Friday, August 31, 2012

SEC: "Verify Means Verify"

As I have blogged about previously, the JOBS Act required the SEC to adopt rules which would permit general solicitation in connection with a Rule 506 private offering made strictly to accredited investors if the issuers "take reasonable steps to verify that purchasers of the securities are accredited investors, using such methods as determined by the [SEC]."

So, of course, securities law practitioners have been anxiously waiting for the SEC to adopt those new rules and clarify what actions an issuer must take to "verify" the accredited investor status of purchasers of its securities in Rule 506 offerings.  

On August 29, the SEC proposed amendments to Rule 506 to implement the changes required by the JOBS Act.  Those proposed amendments are available here.  Under the proposed amendments, the SEC addressed the question of what is required to "verify" accredited investor status by stating that the issuer must "take reasonable steps to verify that purchasers of securities sold in any offering under this § 230.506(c) are accredited investors."  The SEC's proposing Release explains that "reasonableness" "would be an objective determination, based on the particular facts and circumstances of each transaction."  The determination would include the following factors:
  • the nature of the purchaser and the type of accredited investor that the purchaser claims to be;
  • the amount and type of information that the issuer has about the purchaser; and
  • the nature of the offering, such as the manner in which the purchaser was solicited to participate in the offering, and the terms of the offering, such as a minimum investment amount.
In short, the SEC is saying "verify means verify."

Fortunately, the Release goes on to provide quite a bit of helpful commentary describing different types of accredited investors and how an issuer might verify their status.  For example, an issuer could verify the status of an investor who claims to be an accredited by virtue of the fact that he is a registered broker-dealer by going to FINRA's BrokerCheck website.  The Release acknowledges that verifying the status of a natural person who claims to meet the net worth or annual income test for accredited investor might be more challenging.  Among other possible verification methods, the Release suggests that one or more private companies might get into the business of providing accredited investor certifications upon which an issuer might be able to reasonably rely for more difficult determinations.
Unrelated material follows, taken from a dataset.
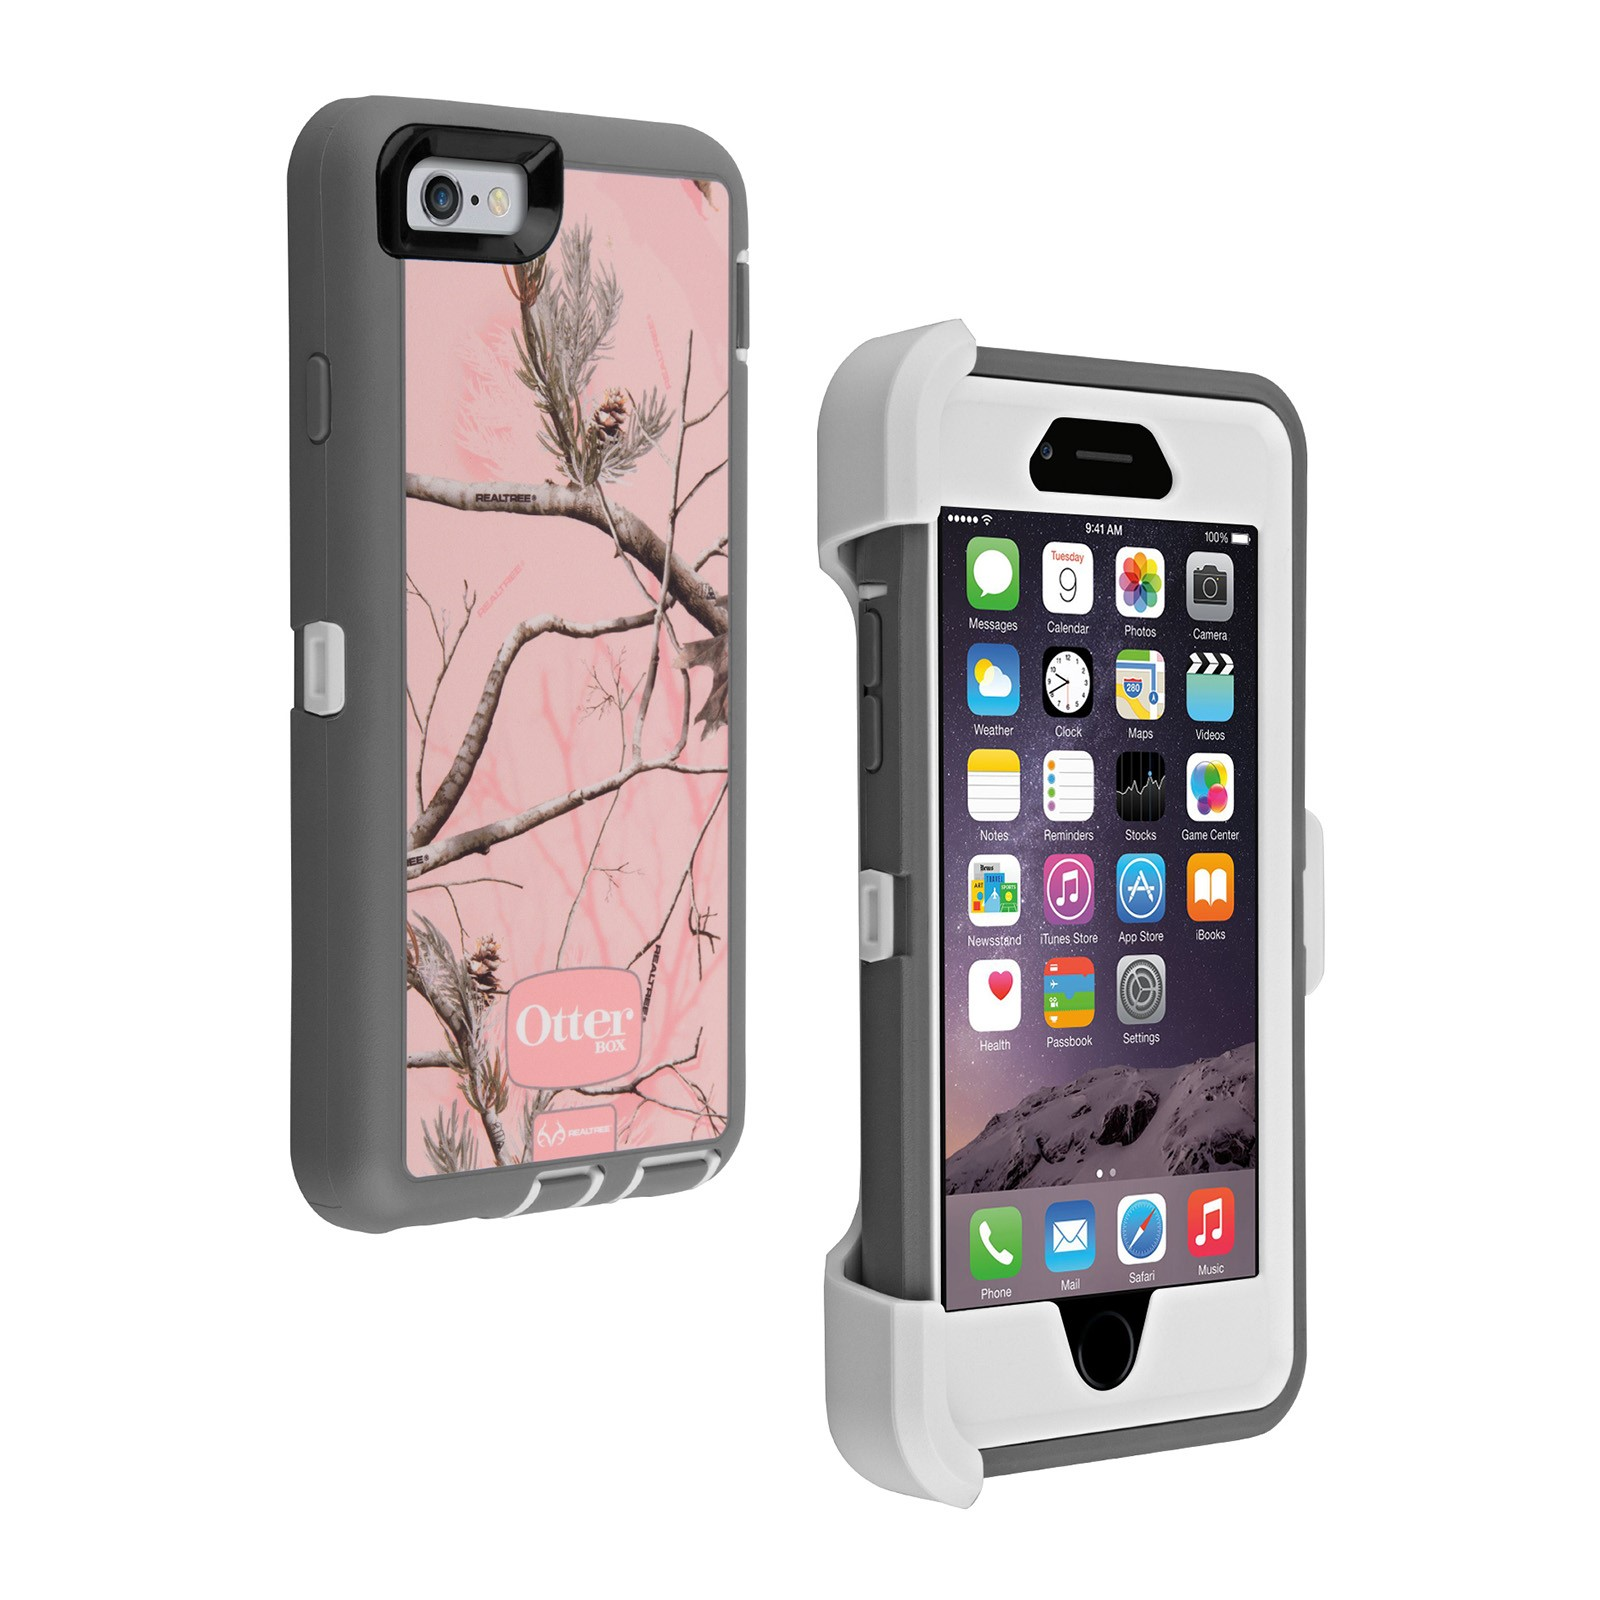 otterbox defender series case for apple iphone 6s 6 ebay. Black Bedroom Furniture Sets. Home Design Ideas

Wednesday, August 22, 2012

Praise for NVCA Model VC Legal Documents

One of my favorite resources for venture capital transactions is the National Venture Capital Association's (NVCA) Model Legal Documents, which are available here.

I feel the same way about model legal documents that Irwin M. "Fletch" Fletcher feels about file cabinets, as he told us in the 1989 classic film, Fletch Lives:  "I love them when they're unlocked, neatly organized and tell me exactly what I wanna know."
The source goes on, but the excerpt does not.